Recently, DESS Ph.D. candidate Zhou Lu Zhou as the first author, Assistant Professor Xu Shiming as corresponding author published a paper online entitled “On the Retrieval of Sea Ice Thickness and Snow Depth using Concurrent Laser Altimetry and L-Band Remote Sensing Data” on The Cryosphere. This paper was also chosen as Highlight Article by The Cryosphere, which is about twelve articles ever year. The paper proposed innovative retrieval algorithm that combines high-resolution laser altimetry scans with the L-band radiometry satellite. With the proposed retrieval algorithm, both sea ice thickness and snow depth can be attained and the uncertainty for both sea ice parameters can be reduced contrast to existing algorithm.

Sea ice thickness and snow depth are vital parameters for polar hydrological cycle and also play important role in climate change analysis, the assimilation model and navigation. In conventional methods, large-scale sea ice thickness retrieval from altimetry satellite is restricted by the accuracy of snow depth. However, the current snow depth over the sea ice cover is mainly from climatology or reanalysis datasets. On one hand, these data can not mirror the latest Arctic snow condition and on the other, large uncertainty from the snow depth dominates the uncertainty of sea ice thickness and ice volume estimation.

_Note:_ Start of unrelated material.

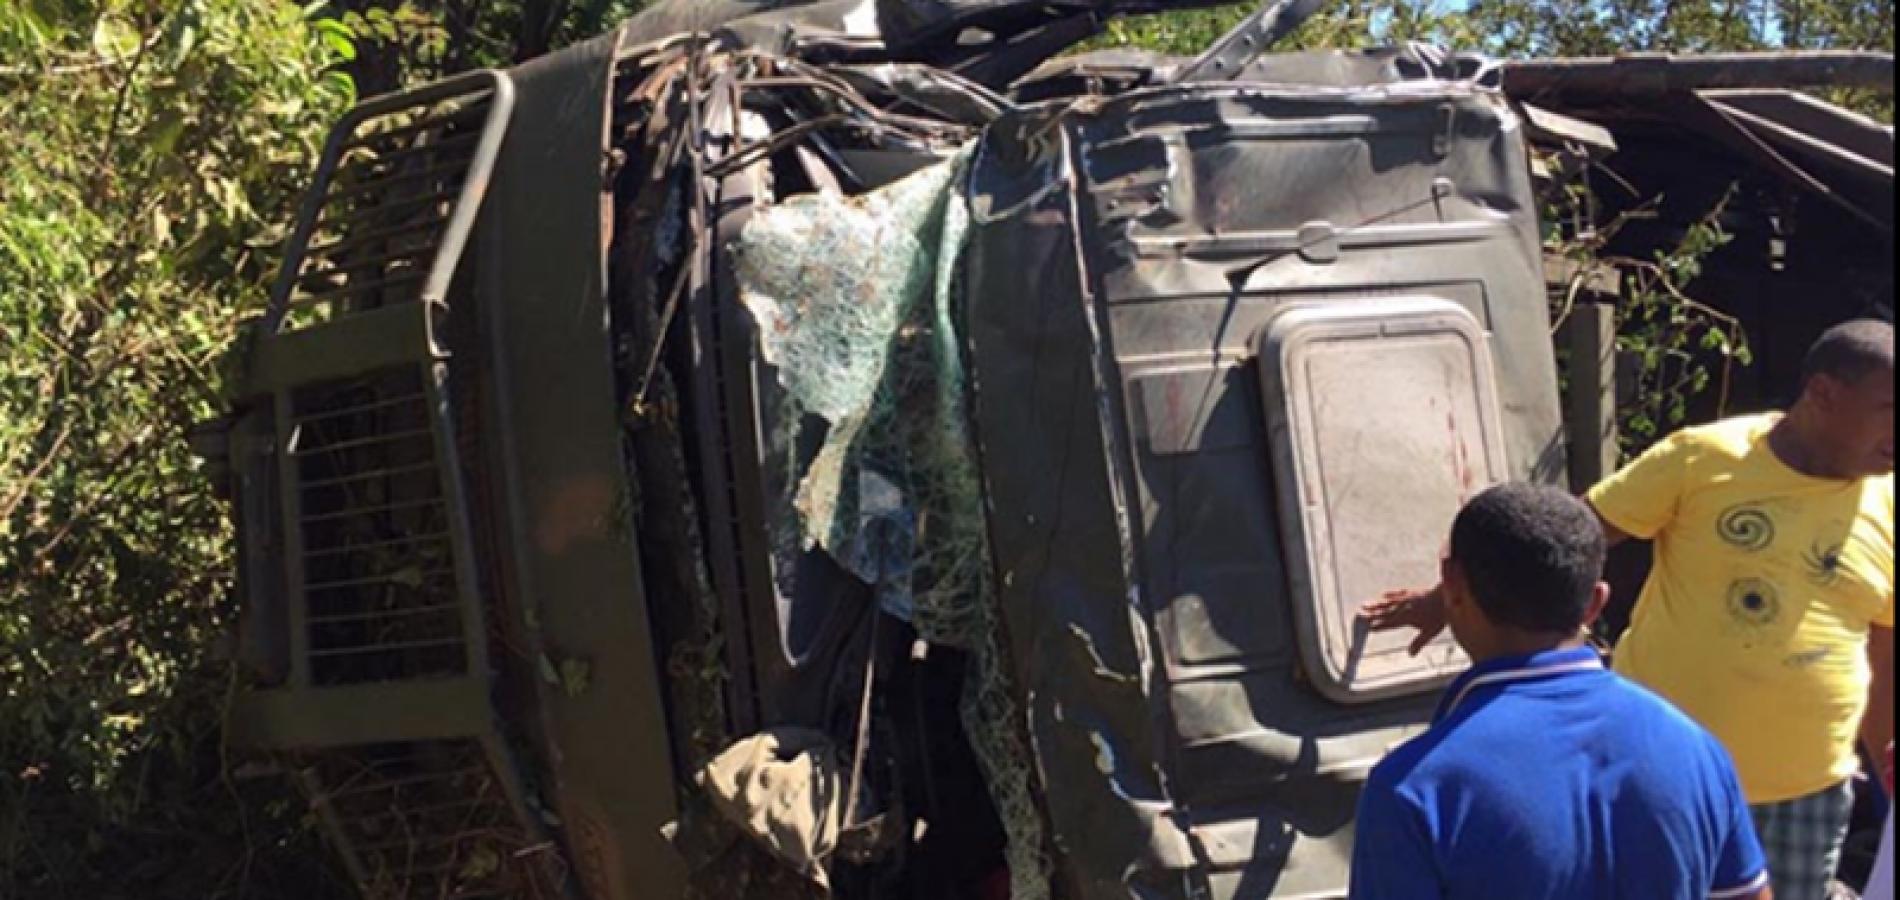 Soldado do Exército é denunciado por dirigir embriagado, matar um e ferir 25 em comboio

The paper combined sea ice radiation model and hydrostatic equilibrium for simultaneously retrieval for sea ice thickness and snow depth. According to large spatial resolution difference between laser altimeter and the passive microwave, the paper designed the spatial merged scheme. According to high-resolution observations, there is statistically significant covariability between the snow depth and the snow freeboard. This information of covariability is further incorporated in the retrieval algorithm, and it is demonstrated that the covariability plays a key role in the retrievability. Verification with available altimeter measurements from airborne and brightness temperature data from SMOS satellite shows that both sea ice thickness and snow depth can be retrieved, with the error in both parameters are under 15% and 25% respectively (Figure 1).

Figure 1. Validation based on OIB and SMOS. Sea ice thickness (left) and snow depth (right) are retrieved simultaneously. Blue and red dots are first-year ice and multi-year ice respectively^[1].

Recently, Xu Shiming research group published a number of papers online including the The Cryosphere and Remote sensing, proposing the combination of active and passive remote sensing data (Figure 2), while both parameters are retrieved and the uncertainty is further reduced. The algorithms can carry out the study of historical sea ice parameters analysis based on Cryosat-2, ICESat, SMOS and other satellites. It can also carry out in the future satellite platform (such as ICESat-2 and WCOM) for sea ice volume estimation, polar air-sea interaction, seasonal prediction, etc.

Figure 2. The principle for combined retrieval of altimetry and L-band microwave remote sensing. The saturation between the L-band bright temperature and sea ice parameter leads to the limitation of the retrieval, and the accuracy of combined retrieval can be improved effectively based on freeboard^[2].

It is the first time that DESS published a paper as communication units in The Cryosphere, which is the authoritative magazine in the field of the cryosphere and its related climate change. And it is also the first time for Chinese scholar to obtain Highlight Article in this magazine. The impact factor for the journal in 2017 was 4.80, and the recent five-year averaged impact factor was 5.79.

Reference：

1. Lu Zhou, Shiming Xu*, Jiping Liu and Bin Wang. 2018.On the Retrieval of Sea Ice Thickness and Snow Depth using Concurrent Laser Altimetry and L-Band Remote Sensing Data, The Cryosphere, 12, 993–1012, doi:10.5194/tc-12-993-2018.

2. Shiming Xu*, Lu Zhou, Jiping Liu, Hui Lu and Bin Wang. 2017.Data synergy between altimetry and L-band passive microwave remote sensing for the retrieval of sea ice parameters - a theoretical study of methodology, Remote Sensing, 9(10):1079, doi:10.3390/rs9101079.

3. Lu Zhou, Shiming Xu*, Jiping Liu, Hui Lu and Bin Wang. 2017.Improving L-band radiation model and representation of small-scale variability to simulate brightness temperature of sea ice. International Journal of Remote Sensing, 38:23, 7070-7084, doi:10.1080/01431161.2017.1371862.